The past 30 years has seen some dramatic changes in the ways we consumers purchase everything from books to batteries, cameras to clothing and TV’s to trampolines. The changes are not only in the products themselves, but in the channels of delivery. For example, when I was growing up in the 70’s and 80’s the only chain businesses that I can remember were Sears and McDonald’s. Even then, you had to live in a fairly good sized town to have either of these stores. Today, any town of any size in America has not only a McDonald’s, but a Wal-Mart, Home Depot, Starbucks, Olive Garden, etc., etc. Yes, the chain stores have certainly replaced the mom and pop shops that were so prevalent just a generation ago. This change has led to an explosion in the number and size of distribution centers around the country and the folks running these DC’s are constantly looking for ways to get more product through their systems in less time and for lower cost.
I recently had the chance to work with one of our customers who was modeling a proposed layout change to their DC floor plan. The change was already being piloted in a particular DC, and a model was being developed to test the merits of the new layout under various product demand and mix scenarios. The early results from the real-life pilot were promising, showing that relieving forklift congestion could increase the throughput of the system, even if the forklifts had to travel longer distances to avoid congestion. As such, a change was about to be implemented in each of this customer’s DC’s across the US, at the cost of over $2 million.
My contact had the opportunity to use simulation to determine the expected improvement of the new floor layout in other DC’s throughout their network. To his surprise, the model predicted exactly the opposite results! Not only would the new layout actually reduce throughput, it would increase the operating cost of the system by requiring more forklifts and, hence, more drivers to maintain the previous level of productivity. How could this be since the real-life pilot was showing moderate (but not stellar) improvements? Enter something called the Hawthorne effect…

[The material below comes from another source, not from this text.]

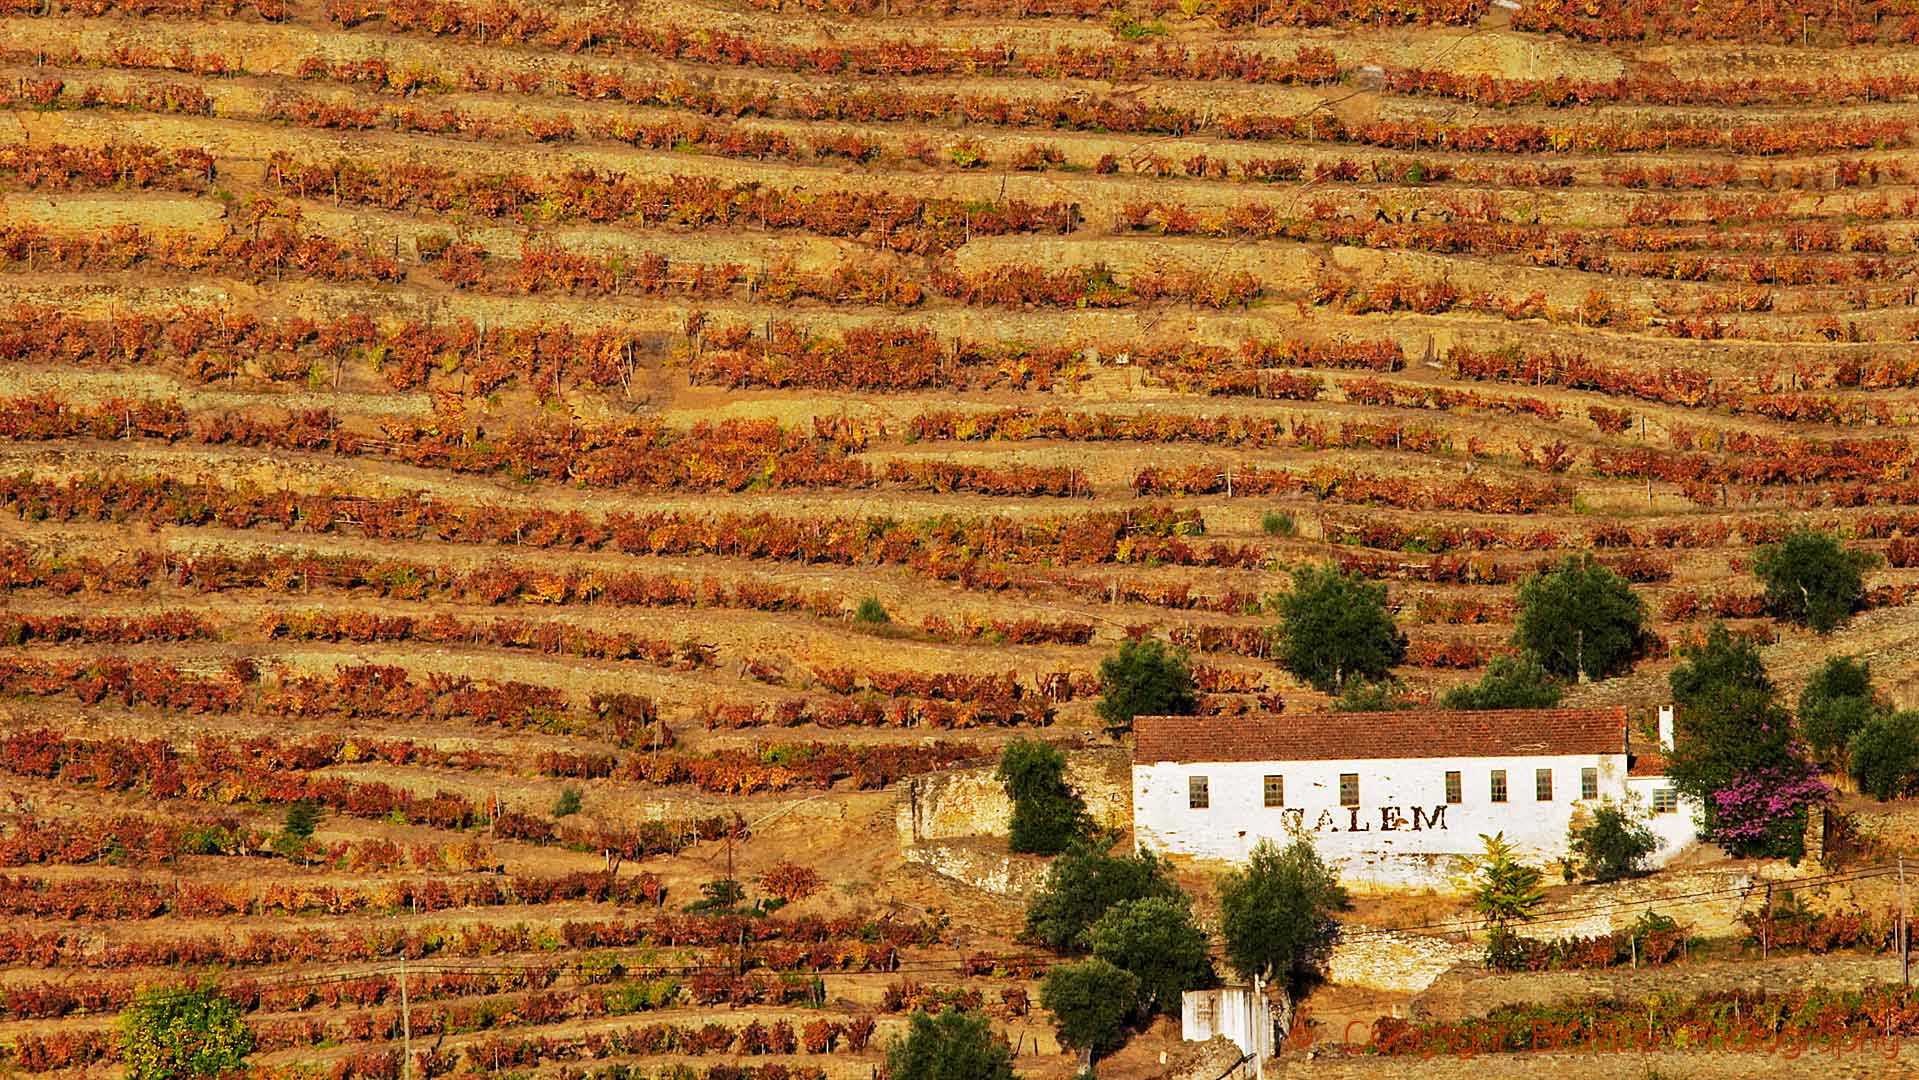 A small house surrounded by steep vineyards in the Douro Valley

Stated simply, the Hawthorne effect is a temporary improvement in productivity that results when management pays greater attention to an established process. In other words, what gets measured gets done better and faster than it was before. In this case, the fact that the pilot area was the focus of management attention at this DC meant that the workers were unconsciously improving their performance. The simulation, on the other hand, was completely unbiased and used the same assumptions regarding forklift travel speeds, put and pick times, and operator work habits across both scenarios.
In the end, the existing system proved to be more efficient because the frequency and duration of forklift congestion events was less detrimental than the additional travel distance in the new layout that was required to eliminate those events.
In summary, whenever human operations are a significant part of a production process, consideration must be given to the methods in which physical simulations, i.e. pilot tests are performed on the floor. Otherwise, the Hawthorne effect just may result in a wrong (and costly) change to procedures.